Urbannews_Salatiga | Ada satu hal yang sering dilupakan oleh kita-kita yang merasa punya kemampuan berkarya. Kita kerap menjadi ragu-ragu atau malah tidak melakukan apapun, karena omongan orang yang membuat kita nglokro. Saya belajar satu hal: “hancurkan” apapun yang melemahkan, tetap kreatif dengan membuat karya apapun yang kita suka. Pemikir berpikirlah, penulis menulislah, dan musisi berkaryalah dengan musikmu. Titik.
Berkarya dalam ruang kreatif yang saya maksud adalah keberanian musisi untuk mencoba sesuatu yang baru, tak mengapa terkesan nyempal tapi asik. Kadang ide-ide kreatif seperti “menabrak pakem” yang tertuang dalam buku. Sedikit nyeleneh, nekat atau main tabrak tak mengapa. Musisi memang bertebaran, tak semua jadi pengekor, karena tidak sedikit yang jadi trendsetter.
Seperti band dengan format combo quartet yang berdomisili di kota Salatiga, San.gita (baca: sanggita) sangat menarik perhatian. Mereka akan melangsungkan program mandiri yang diberi nama “Lelaku”, sebagai bentuk eksplorasi dan pengayaan pengalaman khususnya dalam bermusik.
“Lelaku menjadi cermin pemusatan niat atas sikap dan jalan yang San.gita pilih dalam bermusik. Lakoni dengan kesadaran dan niat baik, memberikan rasa dan makna positif bagi kami”, jelas Sunu tentang makna Lelaku.

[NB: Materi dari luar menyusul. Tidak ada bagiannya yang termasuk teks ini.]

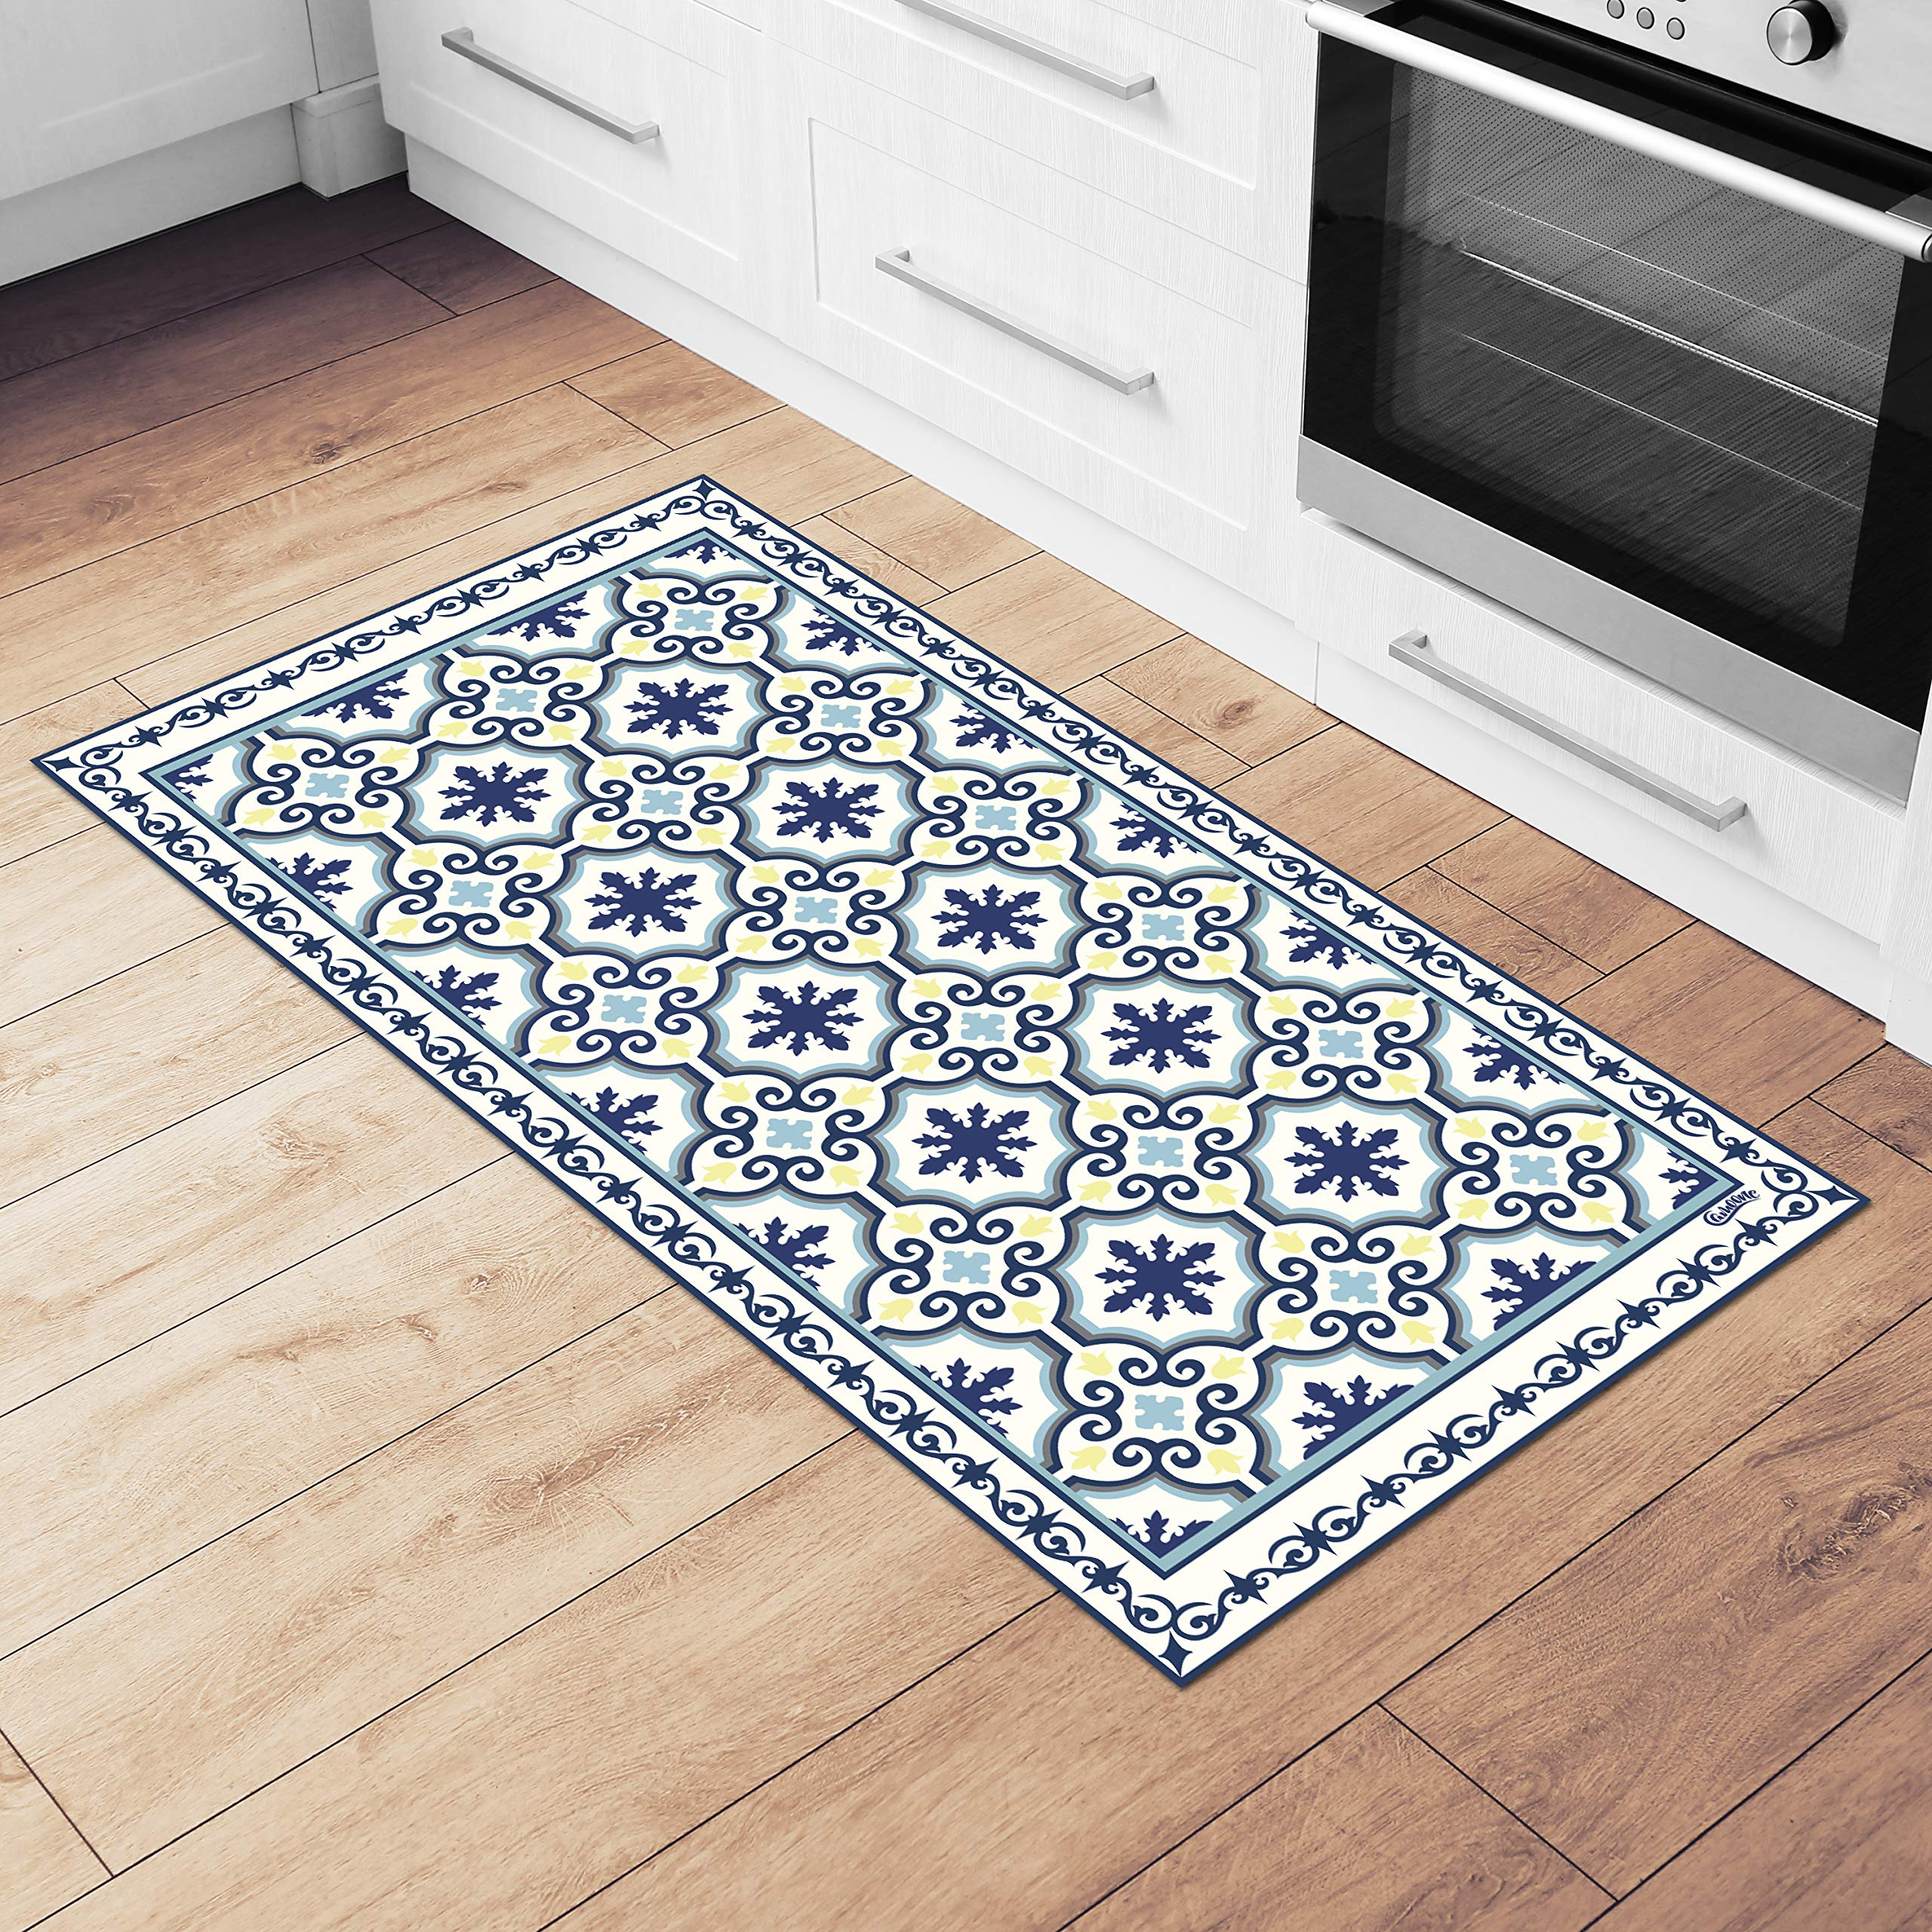 Camoone Non Slip Kitchen Mat + 9 Free Coasters – Greek Garden Blue &  White Decorative Vinyl Kitchen Floor Mat   Hypoallergenic, Insulated, ...

“Dengan pengalaman menjalani kegiatan bermusik atau berkesenian, belajar untuk melakoni proses disiplin kreatif itu ternyata harus terus dilakukan. Dari situ kami merasa perlu mengeksekusi hasil dari kegiatan-kegiatan kreatif di ruang publik dan mempresentasikannya satu bulan sekali di tempat-tempat yang mau menerima kami, musik kami, dan ide-ide kami”, tukas Bonita tentang perlunya menjalankan program Lelaku.
Selama empat bulan sejak terbentuk, San.gita rutin melakukan latihan, workshop, dan mencoba hal-hal yang belum pernah dilakukan.
“Di luar jadwal rutin latihan dan workshop, kami juga rajin diskusi seputar bermusik. Dengan kata lain persiapan lelaku ini kami lakukan dengan belajar. Kami juga mencari pengetahuan-pengetahuan dan mencobakan pengetahuan tersebut, belajar untuk runut dan menjadikannya rutinitas kami. Jadi persiapan program Lelaku ya dengan lelaku itu sendiri”, ungkap Adoi.
Harapan San.gita dan personil-personilnya juga menyertai jalannya program ini. “Dalam bermusik butuh tingkah laku sosial. Harapan San.gita dengan adanya lelaku ini bisa bertemu teman-teman, bertukar informasi hal-hal yang baik, bisa mengekspresikan musik kami, dan mempresentasikan hasil latihan kami. Ke depan kami akan membawakan lagu-lagu yang sudah kami garap yang nanti akan kami rekam dan distribusikan”, imbuh Michael.
Nah, di industri musik Indonesia, kreativitas masing-masing individu masih mendapat tempat yang layak untuk dihargai. Banyak musisi yang menembus industri musik dengan komposisi, gaya, lirik atau tingkat berkesenian yang berbeda dan unik-unik. Memang, itu semua jelas dilakukan untuk menarik perhatian khalayak, meski juga dilihat ini bagian dari eksplorasi kesenian dan indikator kreativitas.
Kita terlalu mendengar celoteh hati orang lain, sementara orang lain tidak peduli dengan celoteh hati kita. Musisi yang sukses hanya dilihat suksesnya, jarang yang melihat proses menuju suksesnya itu.
Kegelisahan saya adalah, musisi Indonesia harusnya tidak hanya menjadi kacung kampret di industri musik borjuasi saja, tapi juga bisa menjadi tuan atas karyanya sendiri. Kebanggaan atas kemampuan dan karyanya, harus dimunculkan, bukan dilebur atas nama budaya global. Kalau tidak, lambat laun jati diri hanya akan menjadi fosil dan dongeng pengantar tidur doang. Musisi itu bukan babu-nya tren, tapi majikan atas tren.
Buat teman-teman penikmat, pecinta, pegiat, dan media musik turut hadir berbagi daya, ruang dan waktu dalam acara San.gita yang akan berbagi kabar bahagia dengan membawakan beberapa karya di Lelaku pertamanya yang berlangsung pada; hari Sabtu, 25 Februari 2023, pukul 19:00 WIB – selesai, di Tepikota Coffee, Jalan Jafar Shodiq, Kalibening, Kota Salatiga.